Gianluca Comin, fondatore della Comin & Partners

Dodici anni alla guida delle relazioni esterne di Enel, preceduti da esperienze manageriali in Montedison e in Telecom Italia. Prima ancora, dieci anni di giornalismo sulla carta stampata e una esperienza di portavoce nel primo governo Prodi. Ma Gianluca Comin, nato a Udine e cresciuto a Venezia, oggi vuole ancora un’altra vita, questa volta da imprenditore. Da pochi mesi ha creato Comin & Partners, società di alta consulenza nelle relazioni esterne. Nel pacchetto clienti, nomi come Hitachi, Ilva, Selecta, Eph. La specialità della casa? «Senz’altro la gestione della crisi aziendale–spiega Comin–, aspetto delicatissimo che si può affrontare con successo solo se si ha una solida esperienza sul campo». Certo, basta pensare al blackout del 2003 per farsene un’idea.
Domanda. Lei al momento del blackout era agli inizi del suo percorso in Enel. Dodici anni dopo, come vive il passaggio a una esperienza di tipo imprenditoriale?
Risposta. Vi ho trascorso dodici anni fantastici, che mi hanno permesso di sperimentare qualsiasi novità, nella comunicazione ma anche nei rapporti istituzionali. Il tutto in una struttura molto forte e importante, con persone di altissima qualità come Paolo Scaroni e Fulvio Conti e in un contesto internazionale. Soprattutto negli ultimi anni, poiché Fulvio Conti, come amministratore delegato e direttore generale, ha dato una svolta epocale all’azienda della quale ci renderemo conto forse solo nei prossimi decenni, quando sarà compiuto l’ennesimo consolidamento nel settore e si capirà che l’energia elettrica sarà uno dei pochi ambiti nei quali l’Italia sarà ancora presente a livello internazionale, a differenza che in altri comparti come l’informatica o le telecomunicazioni. Dopo questa enorme esperienza, dodici anni in un posto del genere, per chi fa il mio mestiere, è forse un caso unico, c’è appunto un «dopo». Cosa che avevo previsto da tempo, perché è necessario che ogni esperienza abbia un termine. Mi ero preparato, mentalmente, su varie ipotesi, quella di cambiare lavoro, cambiare azienda o addirittura cambiare Stato, nel senso di dedicarmi a un’esperienza internazionale. Alla fine, la scelta di cominciare la via imprenditoriale è nata soprattutto perché credo che ci siano le condizioni, in questo momento, per fare qualcosa d’importante in questo settore.

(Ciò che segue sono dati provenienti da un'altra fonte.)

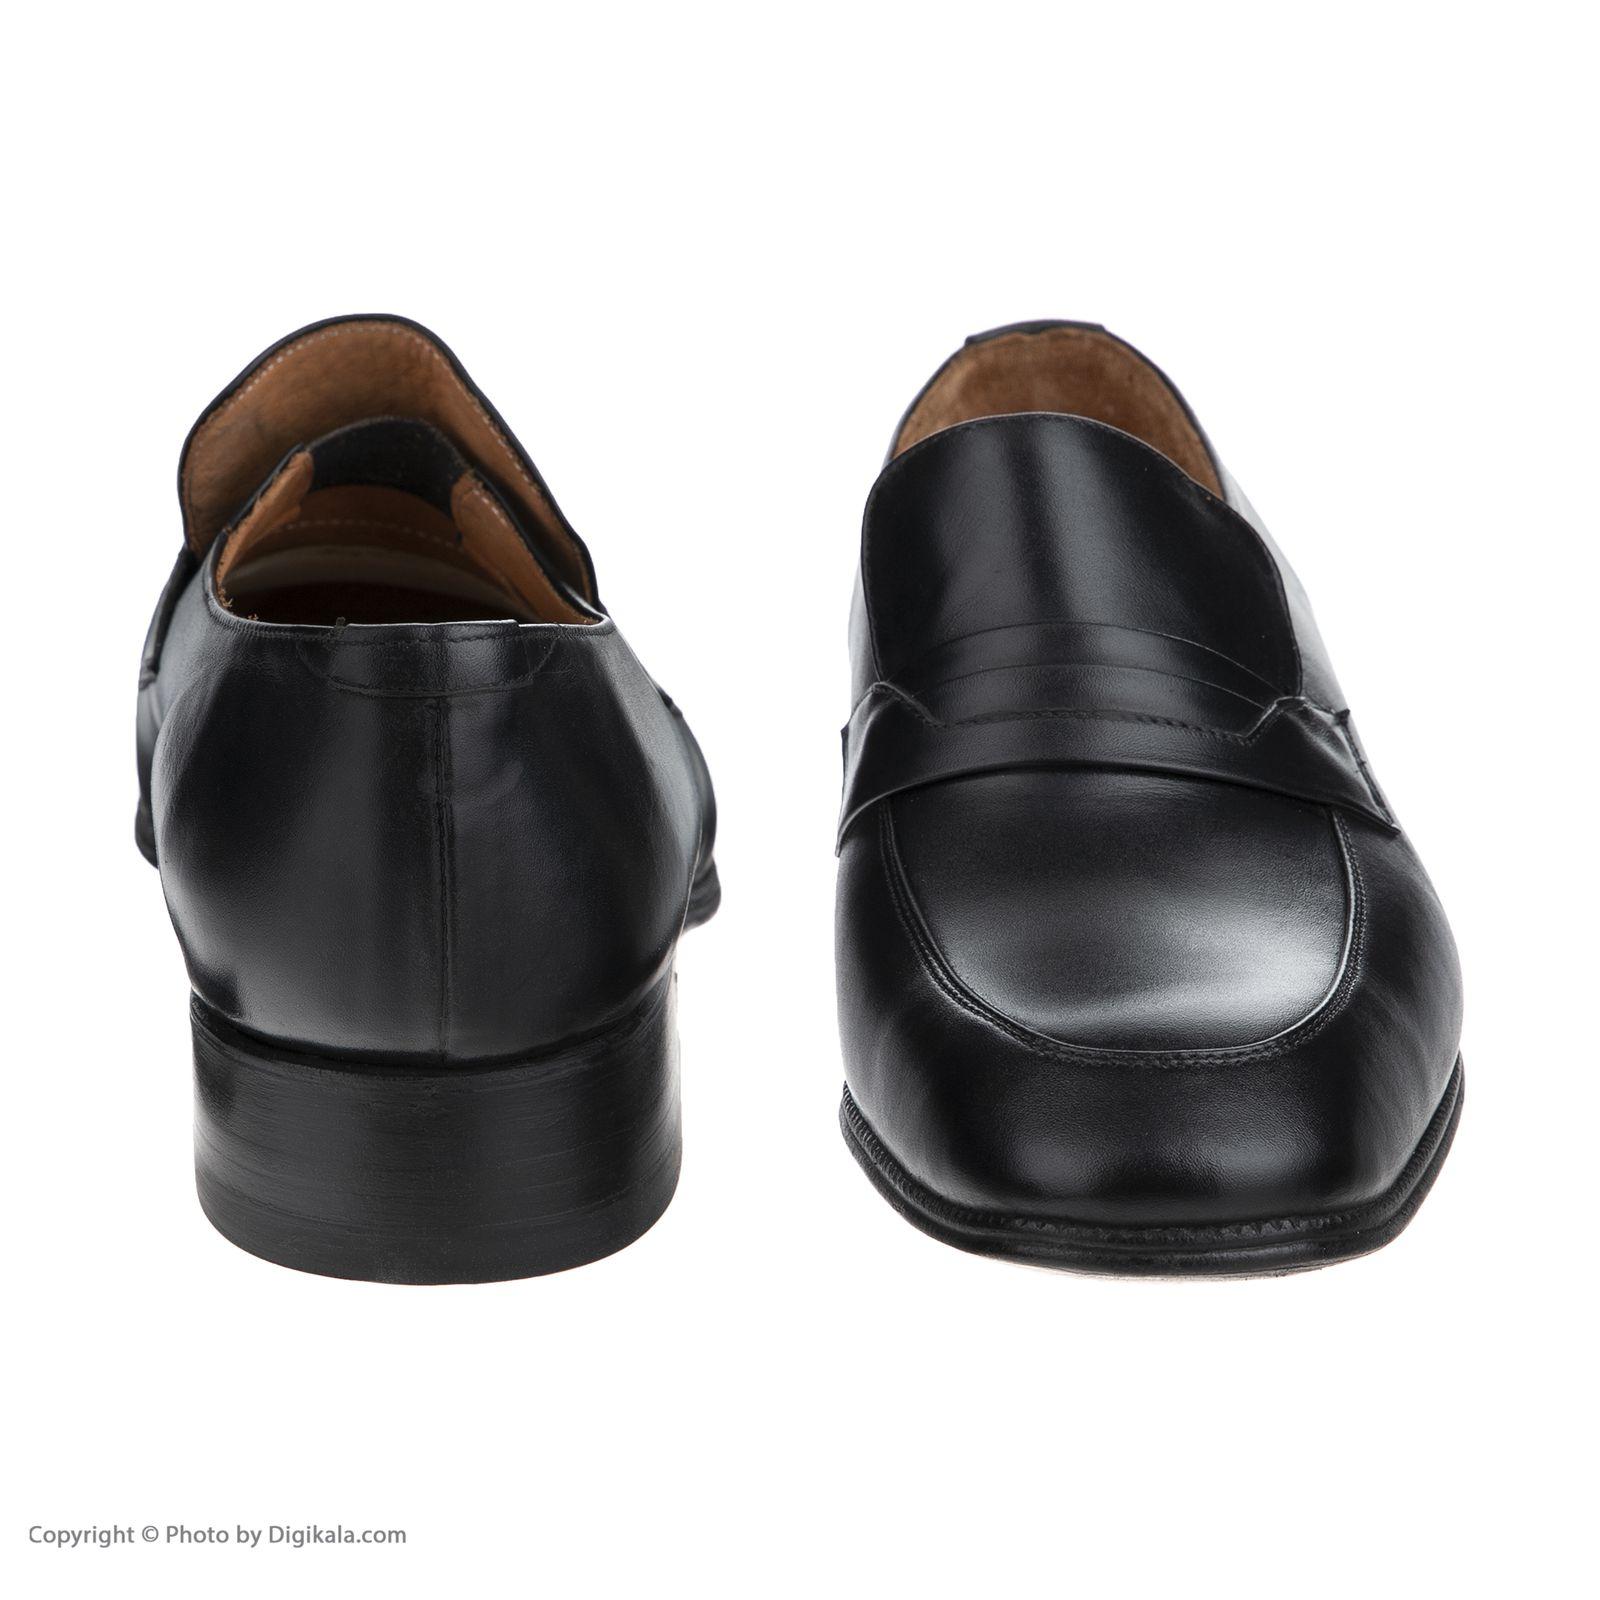 کفش مردانه نظری کد 416 -  - 5
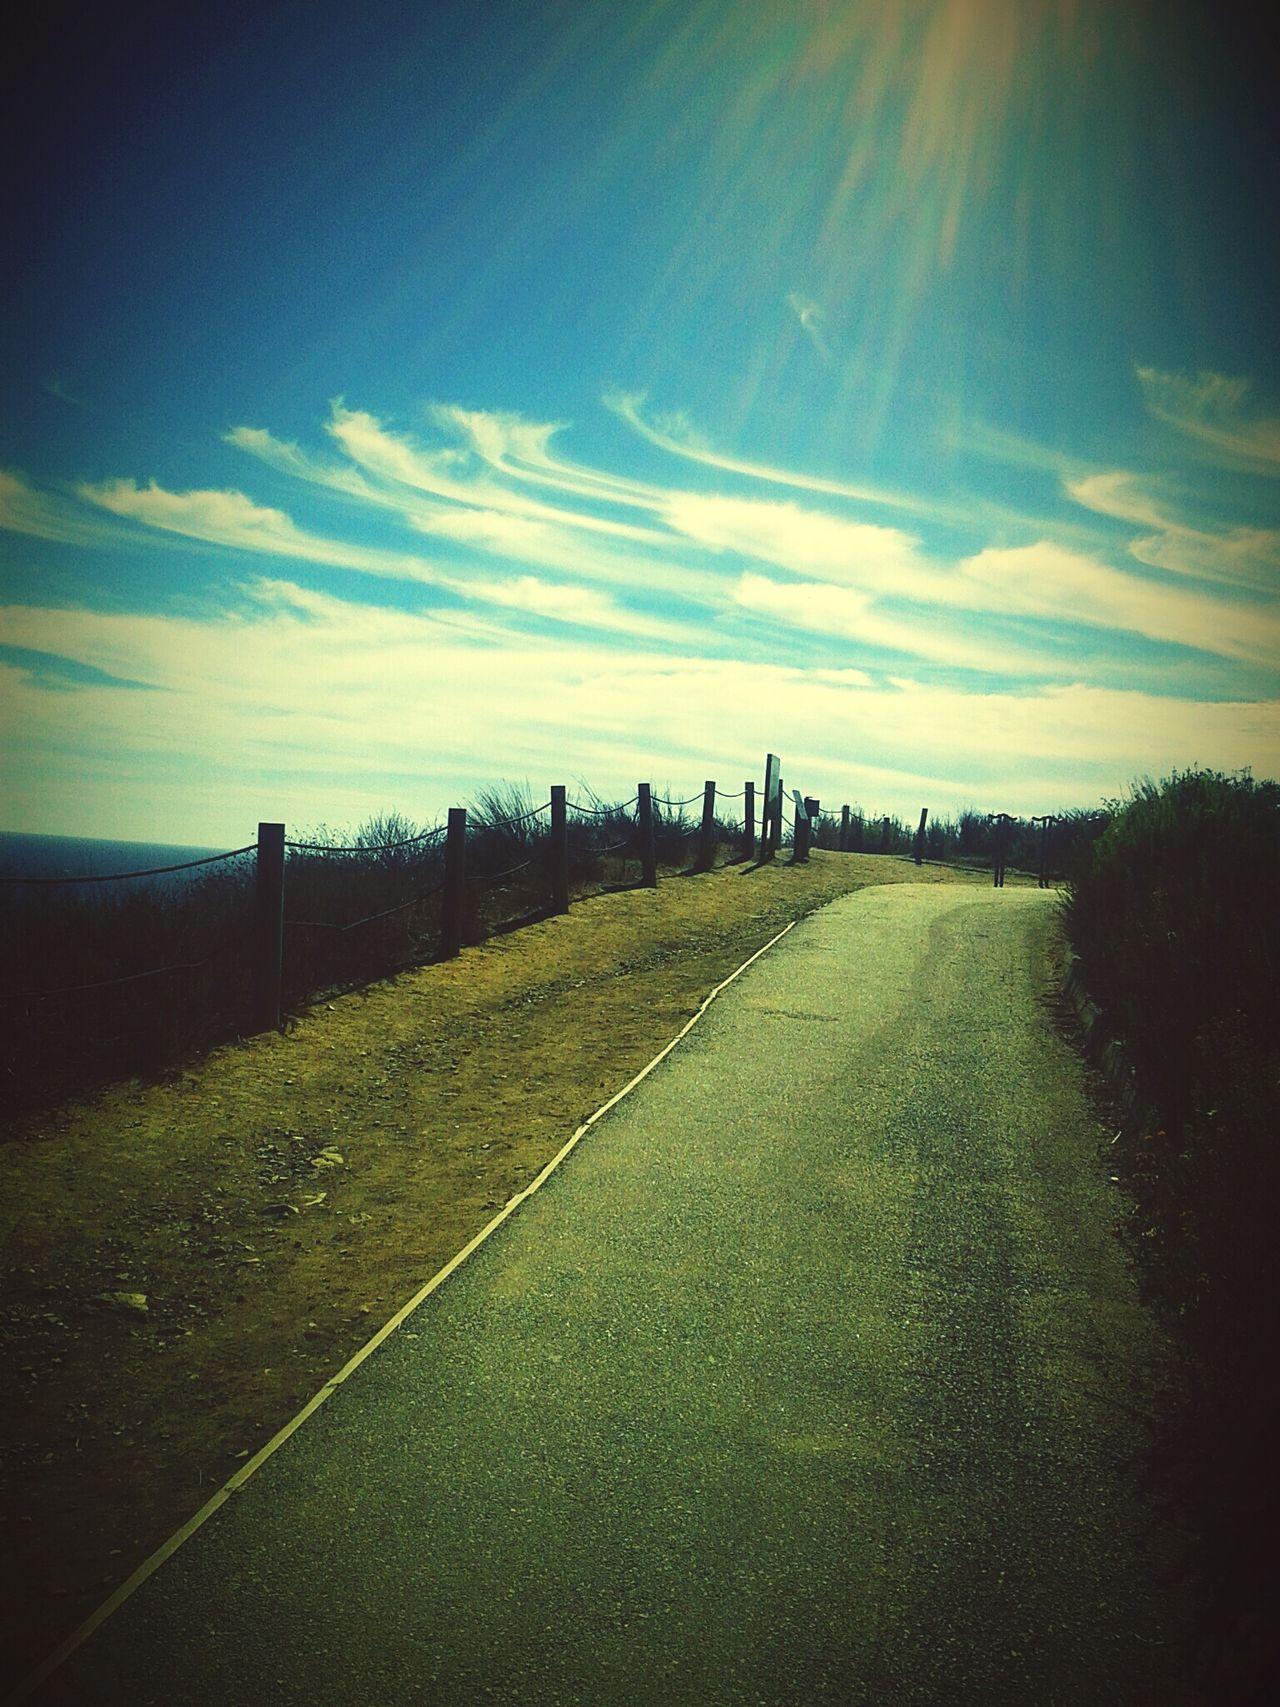 Taking a stroll through the trails by Terranea resort Socal!Feel The Journey First Eyeem Photo

D. Non è la prima volta che lei cambia vita: nasce come giornalista, e poi?
R. Dieci anni di giornalismo al Gazzettino. Poi, contro il parere di tutta la mia famiglia che si domandava perché volessi buttare via anni di precariato e di sacrifici, andai a fare il manager, prima per Montedison poi per Telecom, infine per Enel. Cambiai senza remore né preoccupazioni e senza voltarmi indietro, esattamente come sto facendo adesso.
D. Adesso dovrebbe essere più facile, vista la mole di esperienza che può mettere in campo in questa nuova sfida?
R. Infatti. Esperienza che mi permette di pormi in un ambito in cui non ci sono tanti altri. Quello dell’alta consulenza in comunicazione e relazioni istituzionali, soprattutto per quel che riguarda il «crisis management» e, in generale, nella capacità di capire i clienti, siano essi internazionali o nazionali, e offrirgli il bagaglio di esperienza accumulato in questi anni.
D. Che cosa vuol dire, sul piano della comunicazione, gestire una crisi e perché è importante?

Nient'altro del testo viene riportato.